**ABOUT THIS TASK:**
Reproduce the data below word for word, setting aside any picture it holds.

DATA PROVIDED Start Marker

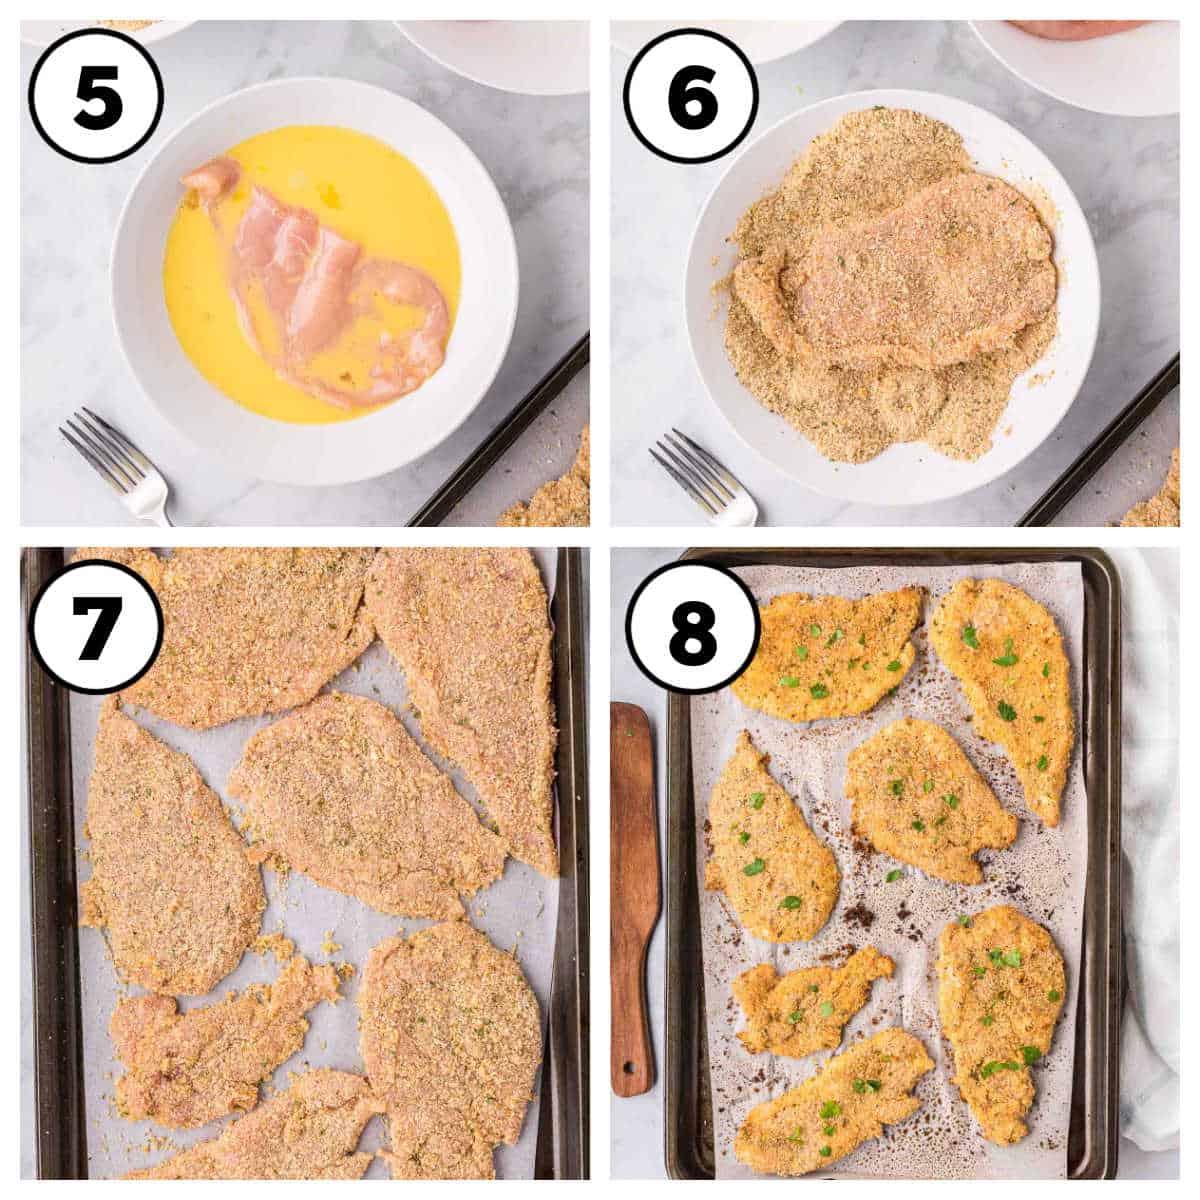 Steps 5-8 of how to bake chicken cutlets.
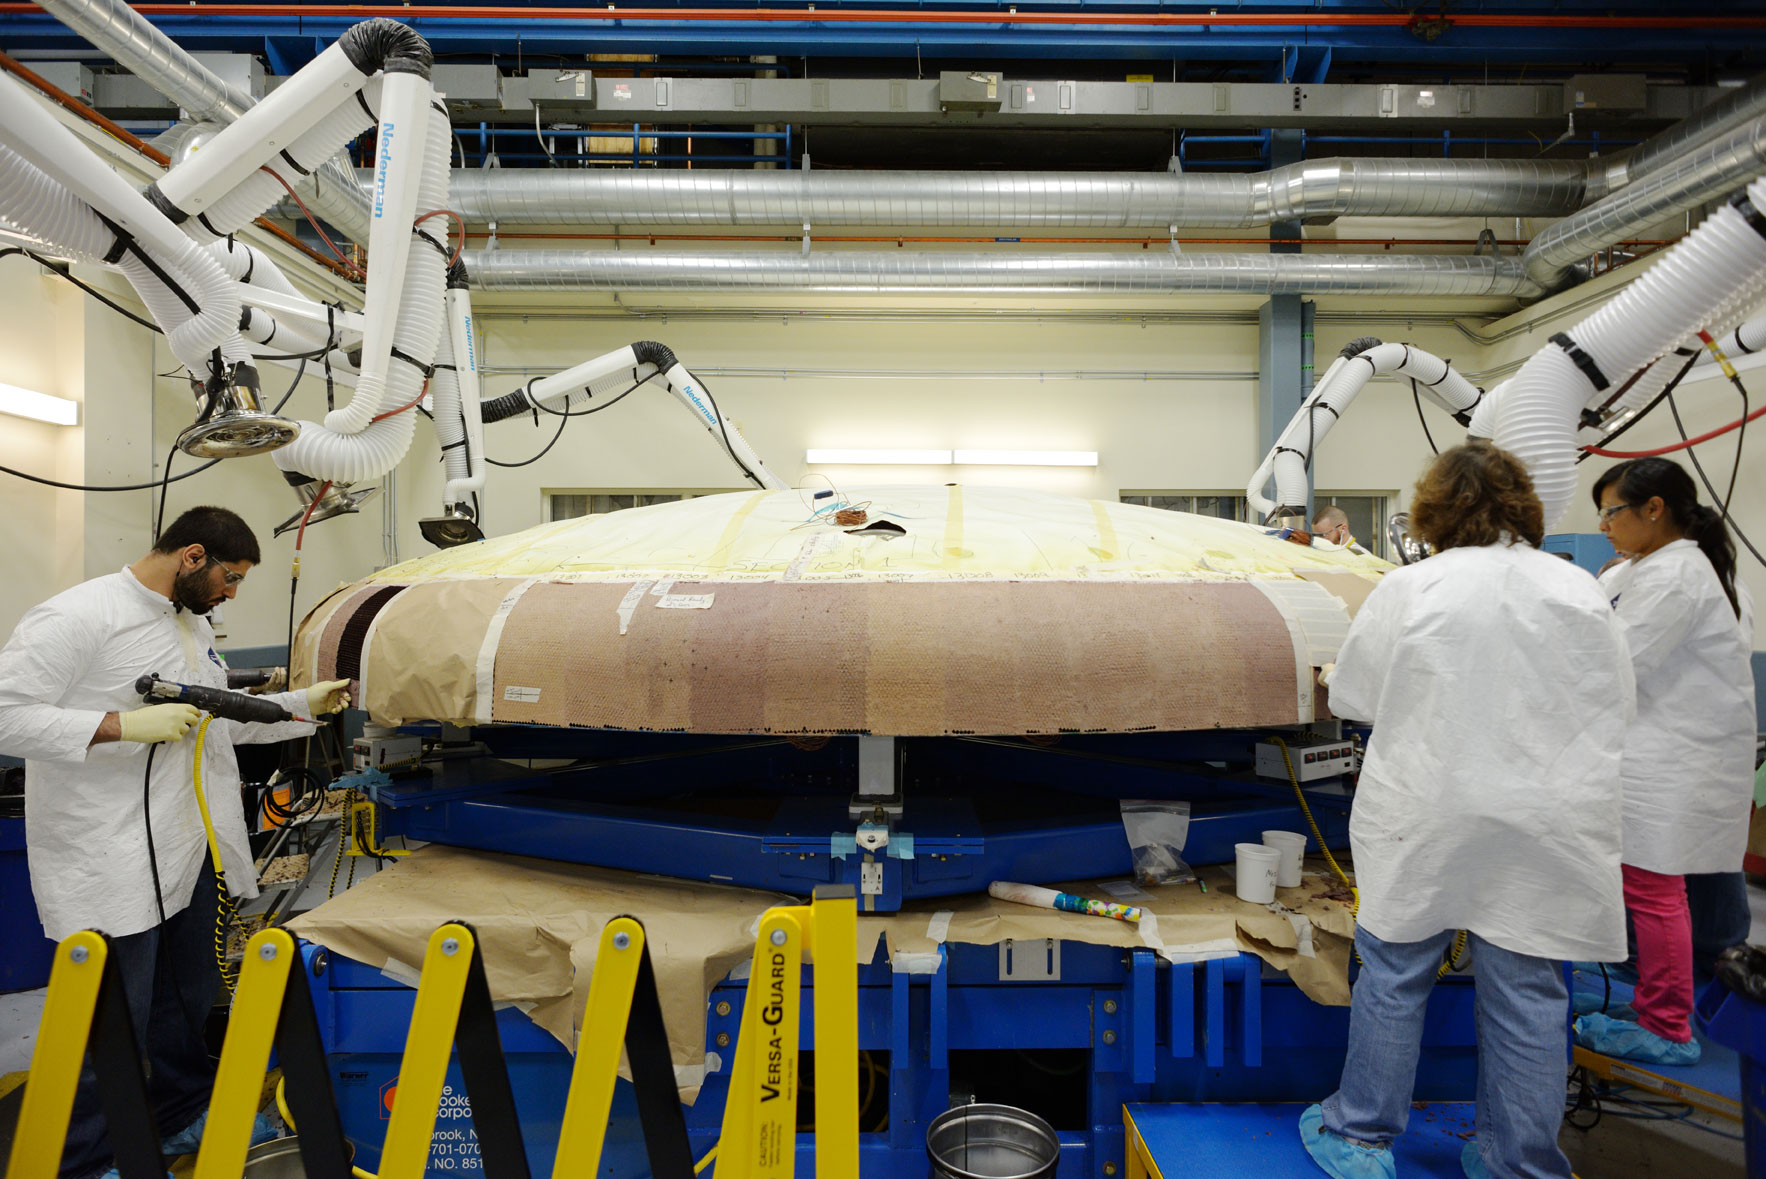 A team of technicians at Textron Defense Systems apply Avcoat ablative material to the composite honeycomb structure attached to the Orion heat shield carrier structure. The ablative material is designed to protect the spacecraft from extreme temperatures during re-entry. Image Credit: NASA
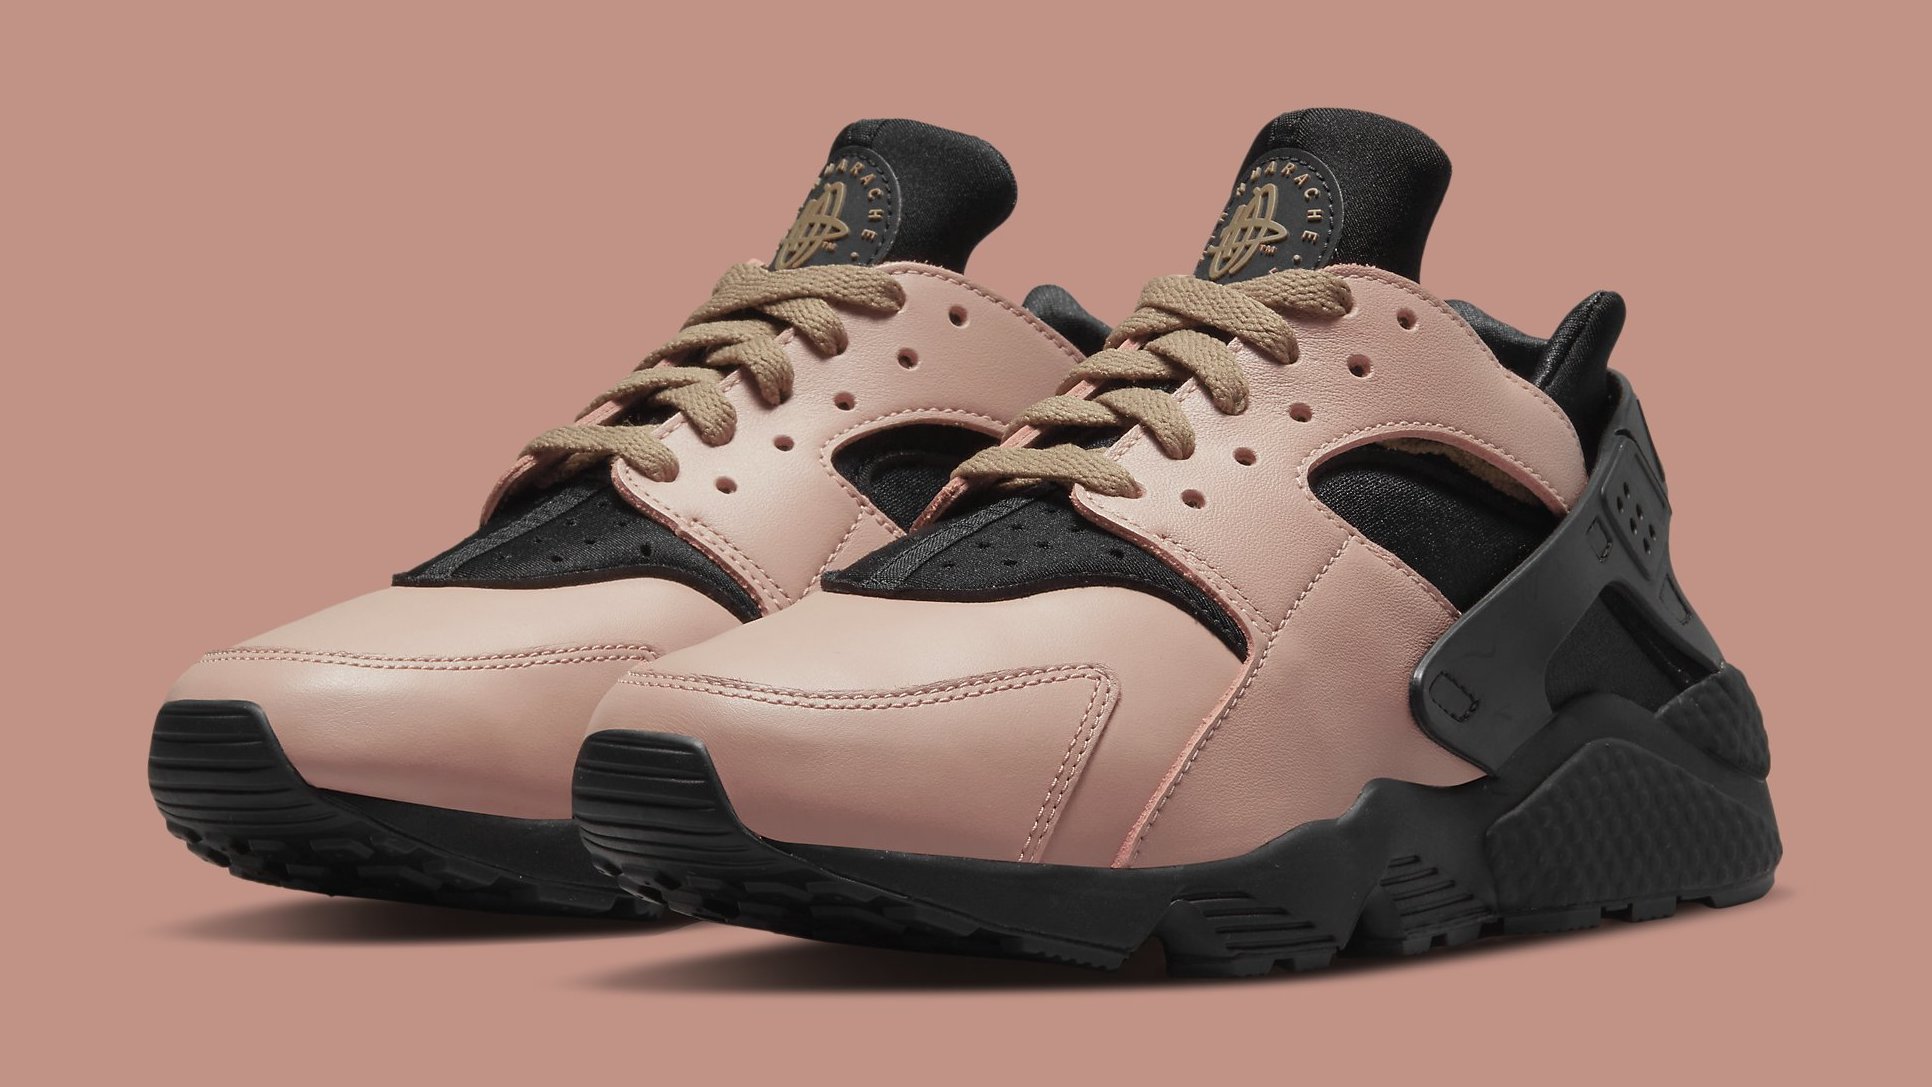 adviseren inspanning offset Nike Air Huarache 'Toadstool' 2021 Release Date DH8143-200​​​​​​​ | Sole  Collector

DATA PROVIDED End Marker

**RESULT OF THIS EXERCISE:**
 Steps 5-8 of how to bake chicken cutlets.
 A team of technicians at Textron Defense Systems apply Avcoat ablative material to the composite honeycomb structure attached to the Orion heat shield carrier structure. The ablative material is designed to protect the spacecraft from extreme temperatures during re-entry. Image Credit: NASA
 adviseren inspanning offset Nike Air Huarache 'Toadstool' 2021 Release Date DH8143-200​​​​​​​ | Sole  Collector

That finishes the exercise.